歌聲合成是一種產生人的歌聲的技術。長久以來,人們嘗試使用不同方法來實現歌聲合成,例如將語音對談轉換為依歌譜與歌詞唱出一首歌。然而,歌聲的音色轉換大多在於一對一的轉換,因此僅限於單一歌手,或是用指定的個人化音色唱出指定的任一首歌。 Singing synthesis is a technology that generates human singing voices. For a long time, people have tried to use different methods to achieve singing synthesis, such as converting voice conversations into singing a song according to the sheet music and lyrics. However, the timbre conversion of singing voices is mostly a one-to-one conversion, so it is limited to a single singer, or singing any specified song with a specified personalized timbre.
也就是說,若欲將某B的音色轉換成某A的音色,必須某A已經說過或唱過某首歌,無法將原本某B唱的歌以某A的音色唱出。 In other words, if you want to convert the timbre of a certain B into the timbre of a certain A, you must have said or sung a certain song. It is impossible to sing the original song sung by a certain B with the timbre of a certain A.
本發明提供一種透過歌聲轉換設計個人化虛擬歌手的方法及裝置,能夠讓虛擬歌手用特定人的音色依照歌譜與歌詞唱出任一首歌,也就是將特定人的音色轉換到虛擬歌手所唱出的歌上。 The present invention provides a method and device for designing a personalized virtual singer through voice conversion, which enables the virtual singer to sing any song according to the score and lyrics with the voice of a specific person, that is, to convert the voice of a specific person to the song sung by the virtual singer.
本發明提供一種透過歌聲轉換設計個人化虛擬歌手的方法,適用於具備處理器的電子裝置。此方法包括下列步驟:解析(parse)使用一符號表示的歌譜文件,以擷取出多個歌詞及多個音符;從一音頻資料庫載入所擷取的各音符的音頻資料;使用聲碼器(vocoder)對音頻資料進行聲學建模,以調整各音頻資料並拼接調整後的音頻資料以產生歌聲資料;以及利用一語音轉換模型的生成器將歌聲資料中的多個聲學特徵轉換為以目標音頻屬性為條件的輸出特徵,並根據語音轉換模型的多種損失訓練語音轉換模型,以獲得輸出特徵最佳化的合成歌聲資料。 The present invention provides a method for designing a personalized virtual singer through singing voice conversion, which is suitable for electronic devices equipped with processors. This method includes the following steps: parse a music score file represented by a symbol to extract multiple lyrics and multiple notes; load the extracted audio data of each note from an audio database; use a vocoder (vocoder) performs acoustic modeling on audio data to adjust each audio data and splice the adjusted audio data to generate singing voice data; and utilize a generator of a speech conversion model to convert multiple acoustic features in the singing voice data into target The audio attributes are the conditional output features, and the speech conversion model is trained according to various losses of the speech conversion model to obtain synthetic singing data with optimized output features.

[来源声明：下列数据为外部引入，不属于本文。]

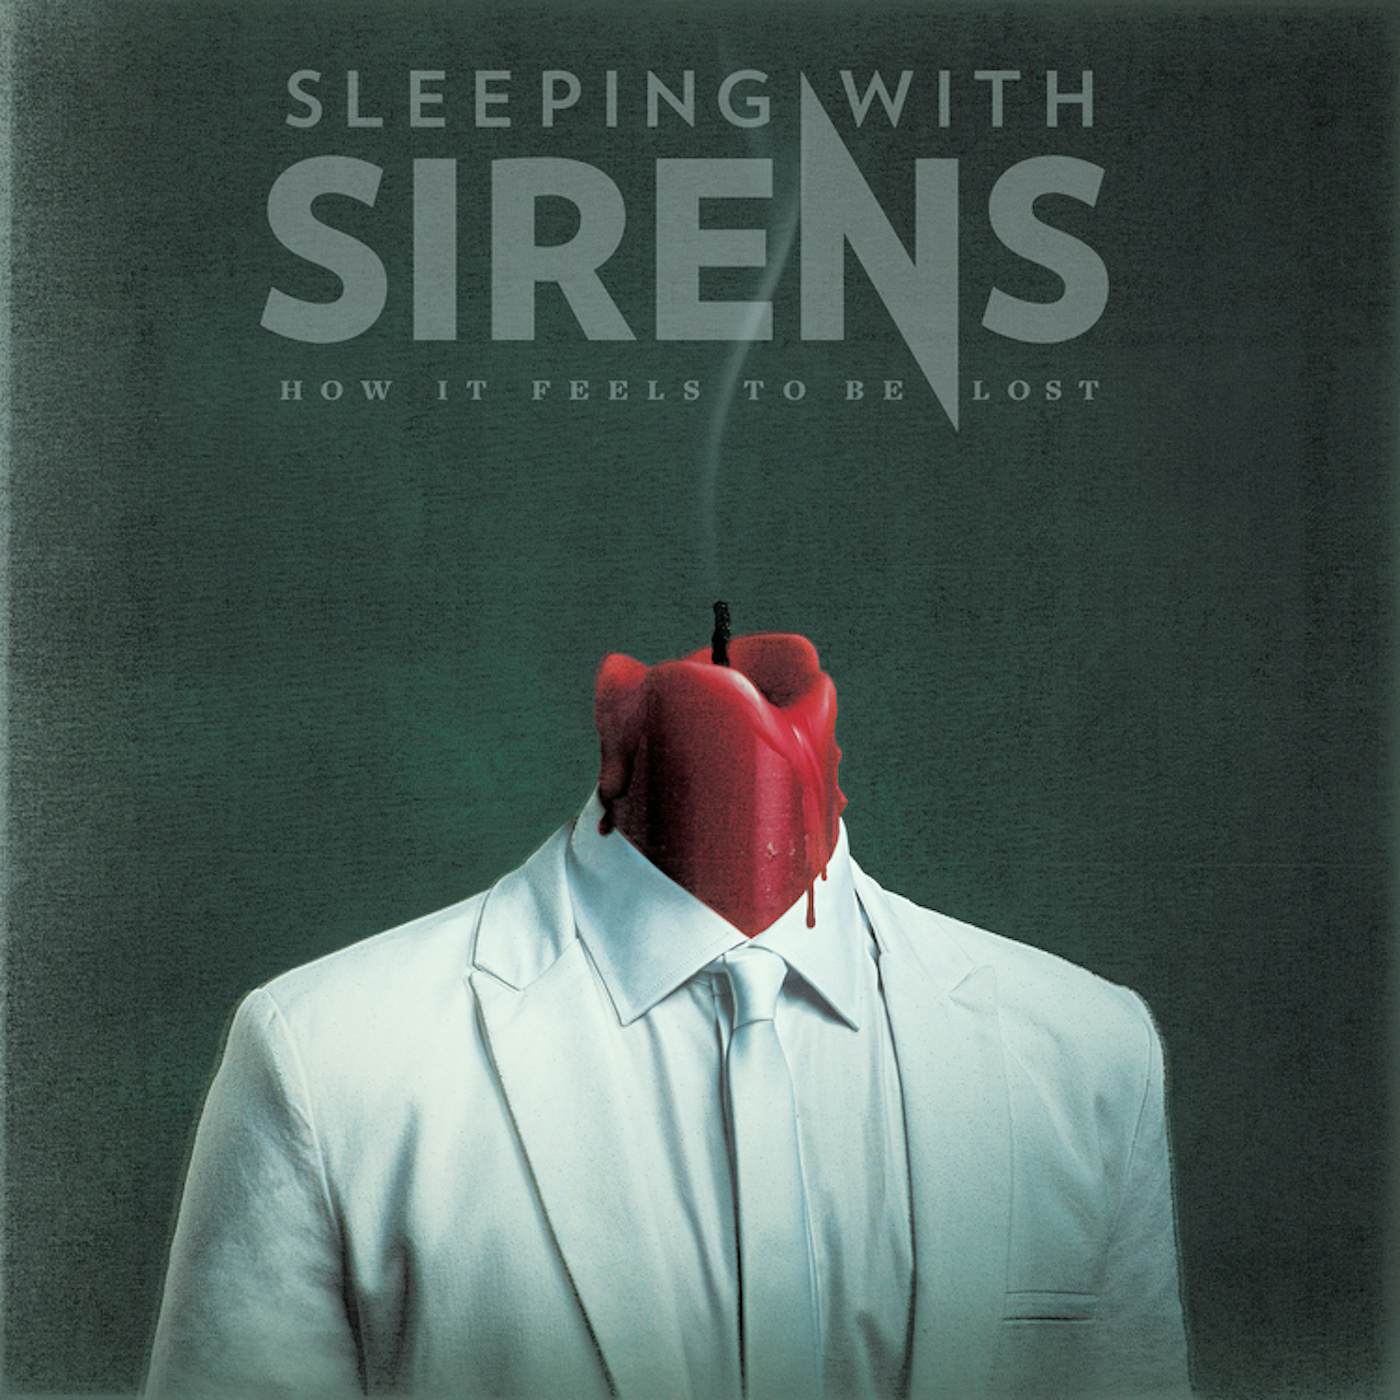 Sleeping With Sirens HOW IT FEELS TO BE LOST Vinyl Record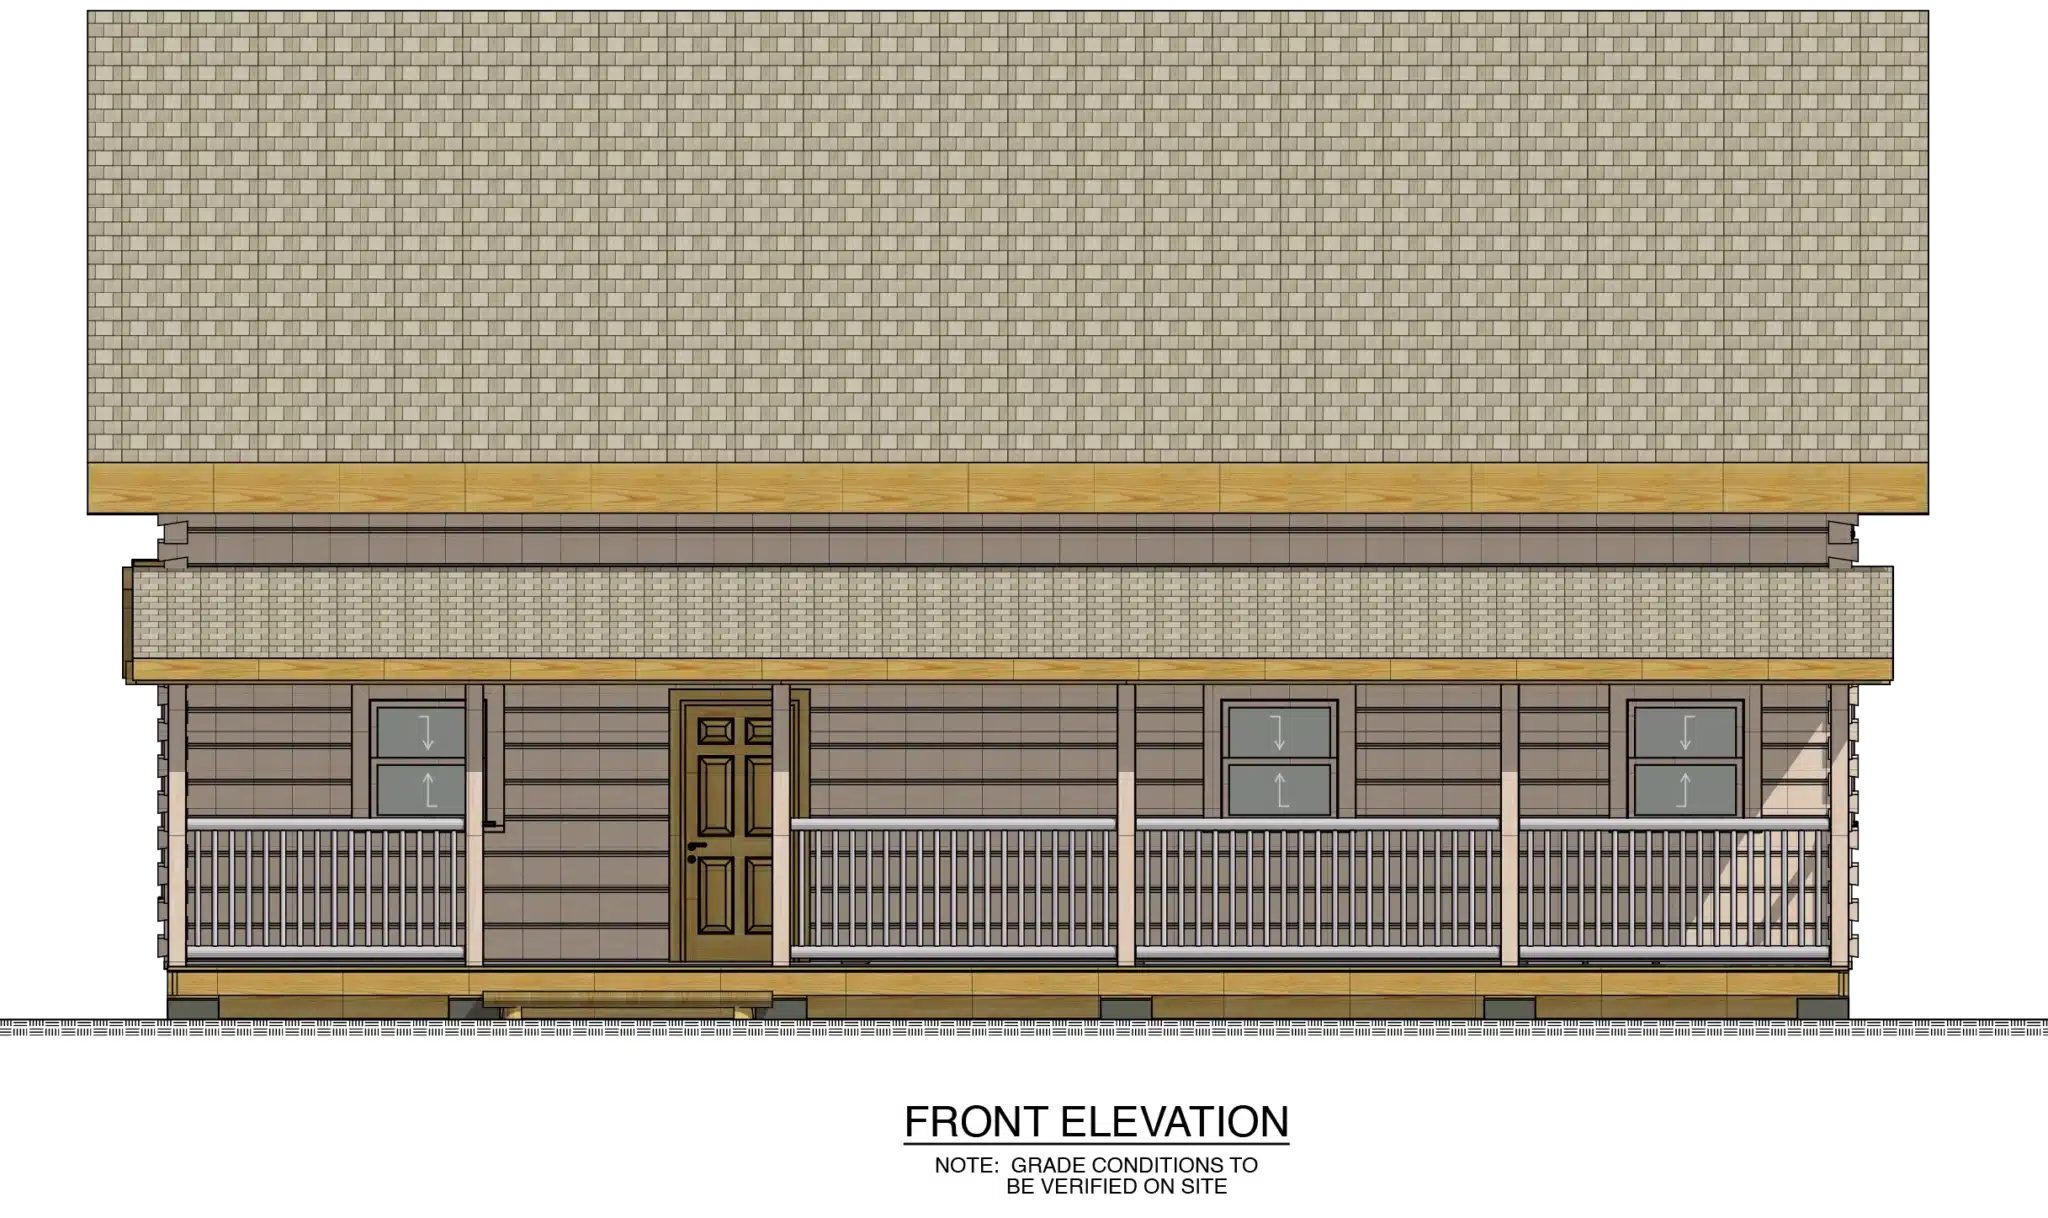 The Pioneer log home Front Elevation

本發明提供一種透過歌聲轉換設計個人化虛擬歌手的裝置,其包括連接裝置、儲存裝置及處理器。其中,儲存裝置用以儲存電腦程式。處理器耦接連接裝置及儲存裝置,經配置以載入並執行儲存裝置中的電腦程式以:解析使用一符號表示的歌譜文件,以擷取出多個歌詞及多個音符;從一音頻資料庫載入所擷取的各音符的音頻資料;使用聲碼器對音頻資料進行聲學建模,以調整各音頻資料並拼接調整後的音頻資料以產生歌聲資料;以及利用一語音轉換模型的生成器將歌聲資料中的多個聲學特徵轉換為以目標音頻屬性為條件的輸出特徵,並根據語音轉換模型的多種損失訓練語音轉換模型,以獲得輸出特徵最佳化的合成歌聲資料。 The invention provides a device for designing a personalized virtual singer through singing voice conversion, which includes a connection device, a storage device and a processor. Among them, the storage device is used to store computer programs. The processor is coupled to the connection device and the storage device, and is configured to load and execute a computer program in the storage device to: parse a music score file represented by a symbol to retrieve a plurality of lyrics and a plurality of notes; from an audio database Loading the captured audio data of each note; performing acoustic modeling on the audio data using a vocoder to adjust each audio data and splicing the adjusted audio data to generate singing voice data; and utilizing a generator of a speech conversion model Convert multiple acoustic features in the singing data into output features conditioned on the target audio attributes, and train the speech conversion model based on various losses of the speech conversion model to obtain synthetic singing data with optimized output features.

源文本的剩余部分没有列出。